+++ DATA SECTION

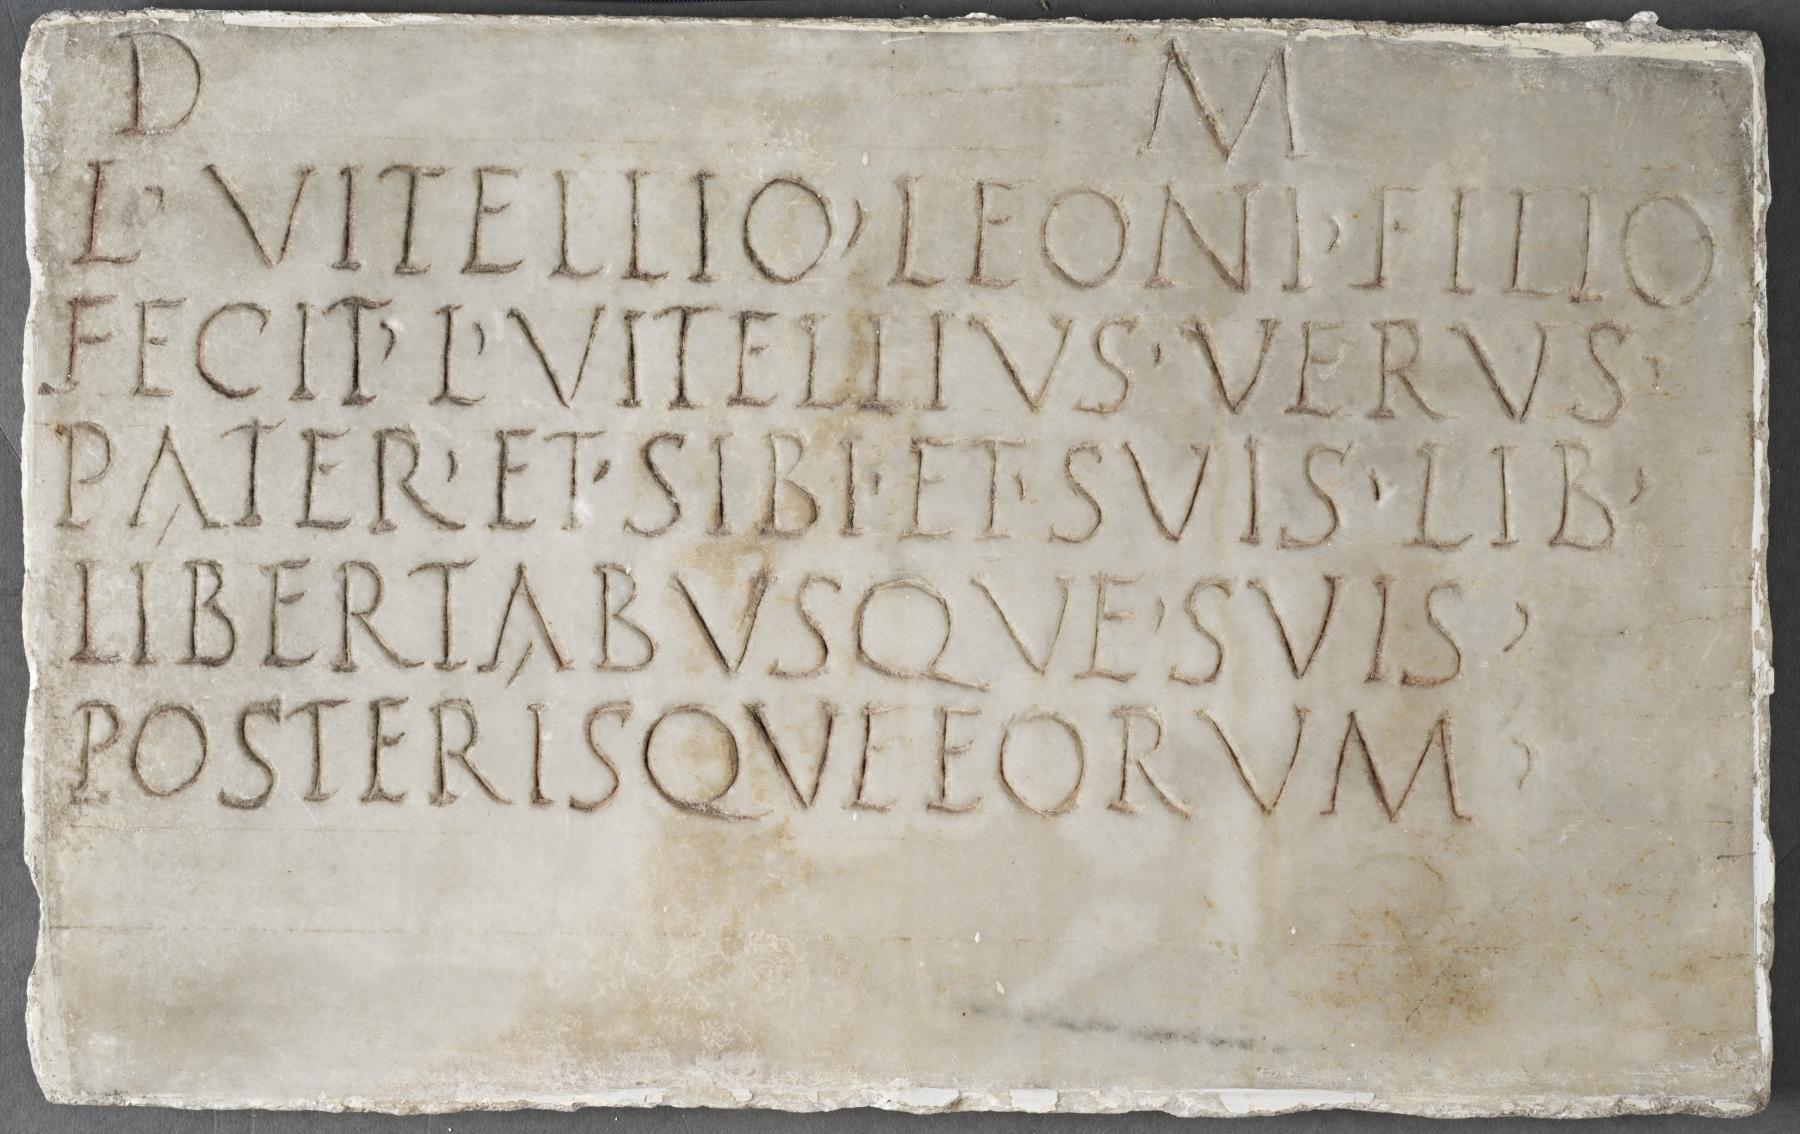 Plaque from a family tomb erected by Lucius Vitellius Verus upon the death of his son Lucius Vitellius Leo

++++++
+++ DATA SECTION

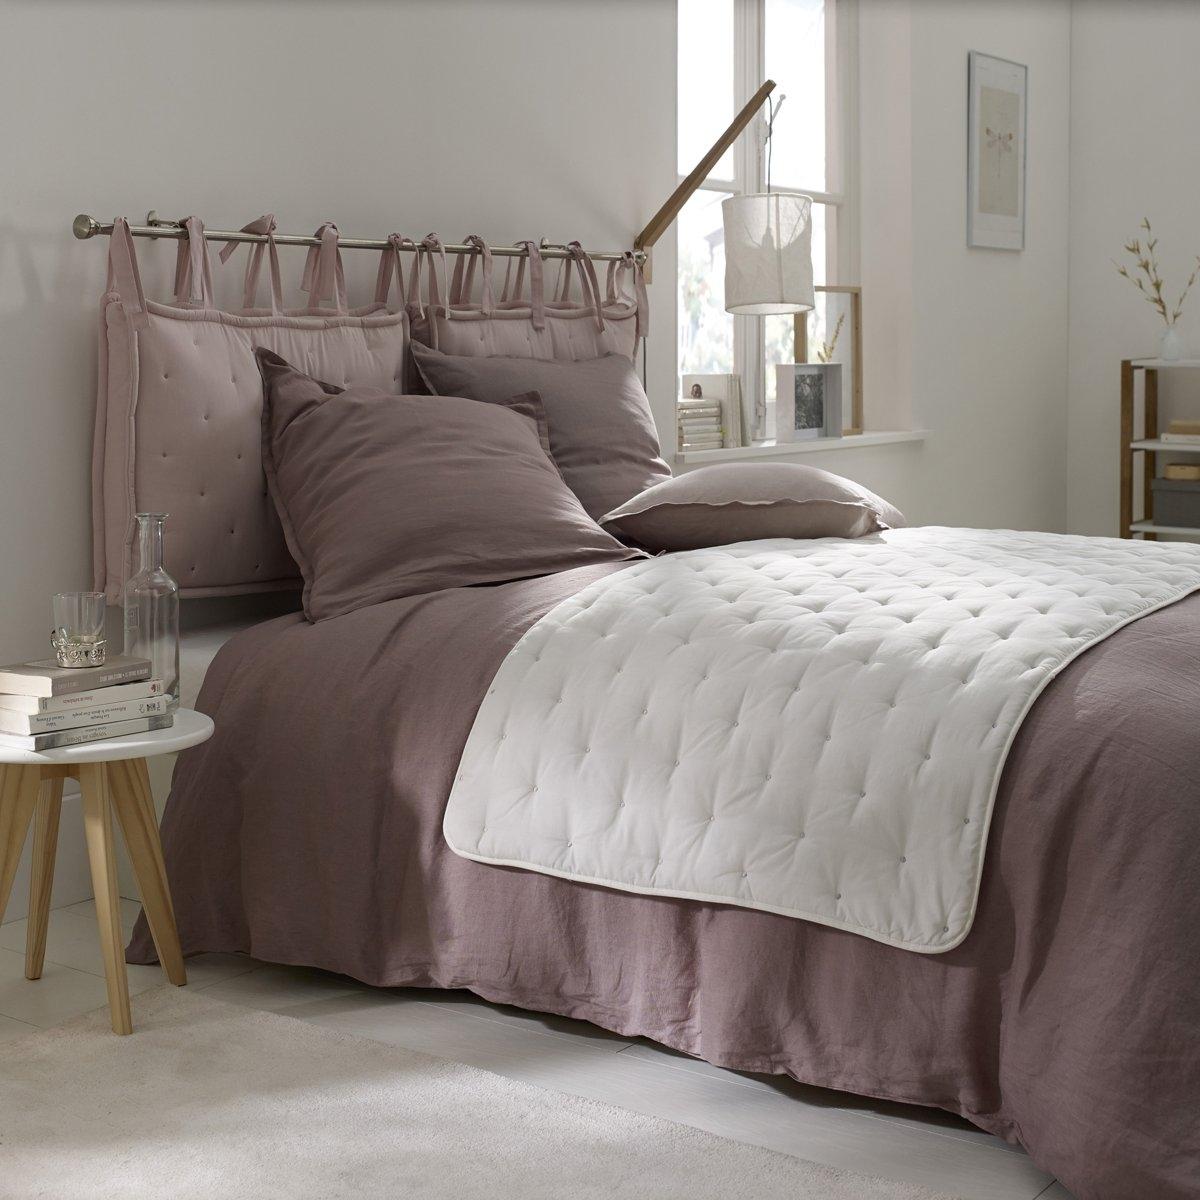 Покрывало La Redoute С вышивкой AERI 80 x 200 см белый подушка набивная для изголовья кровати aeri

++++++
+++ DATA SECTION

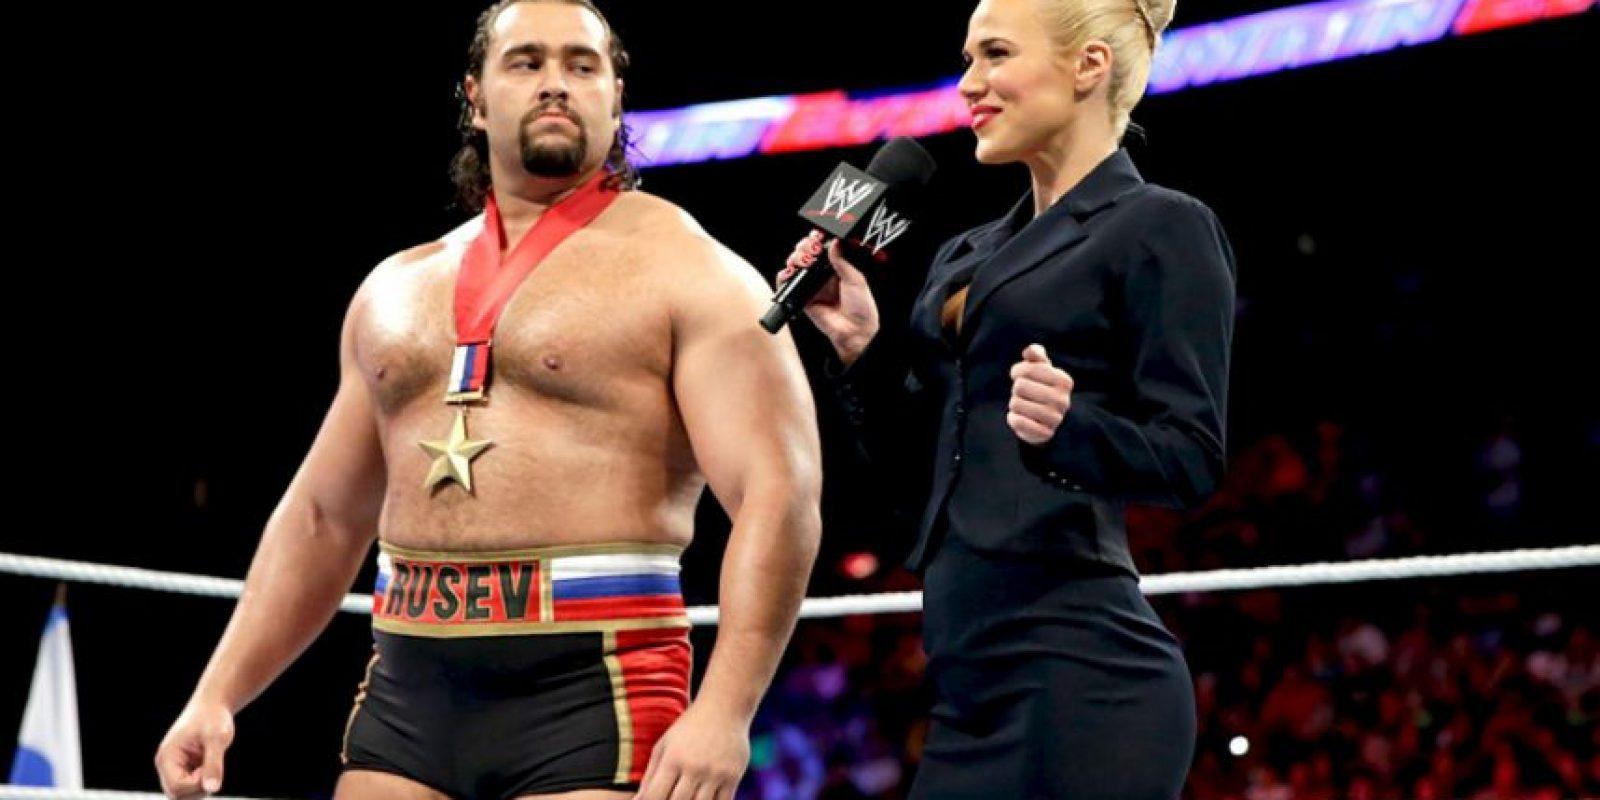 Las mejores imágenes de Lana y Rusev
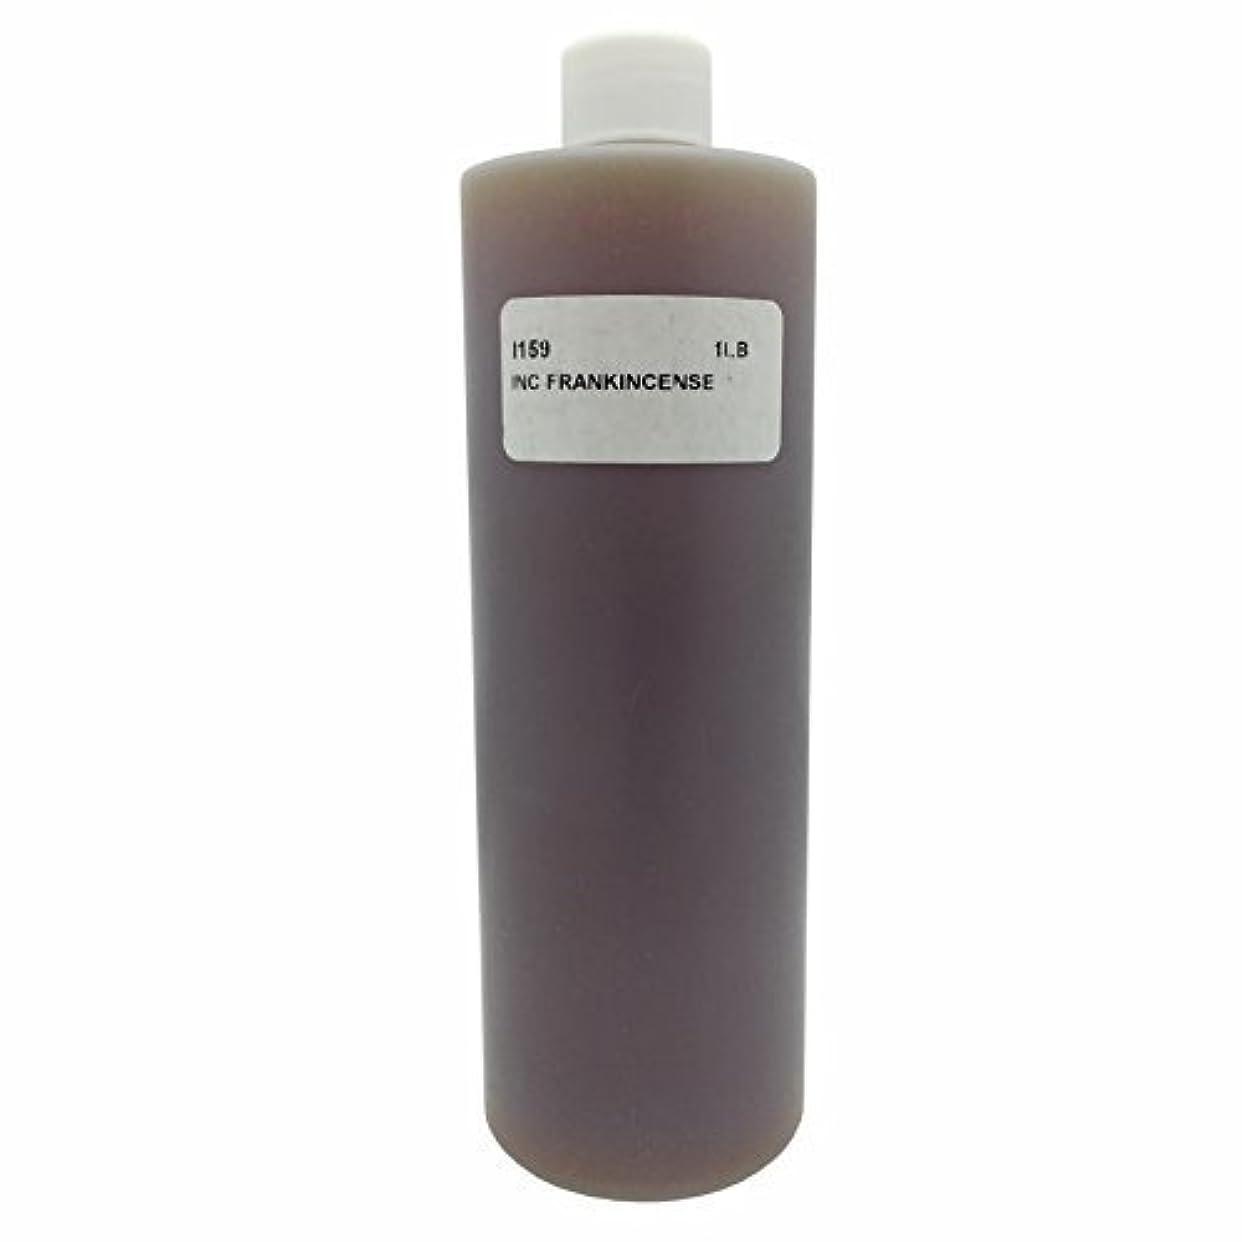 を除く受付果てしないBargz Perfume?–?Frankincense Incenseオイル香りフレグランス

++++++

**YOUR GOAL:**
Pictures excluded, give again exactly and only the lines of the material above from the line with "Las mejores imágenes de Lana y Rusev" through the line with "を除く受付果てしないBargz Perfume?–?Frankincense Incenseオイル香りフレグランス".

**RESPONSE:**
 Las mejores imágenes de Lana y Rusev
 を除く受付果てしないBargz Perfume?–?Frankincense Incenseオイル香りフレグランス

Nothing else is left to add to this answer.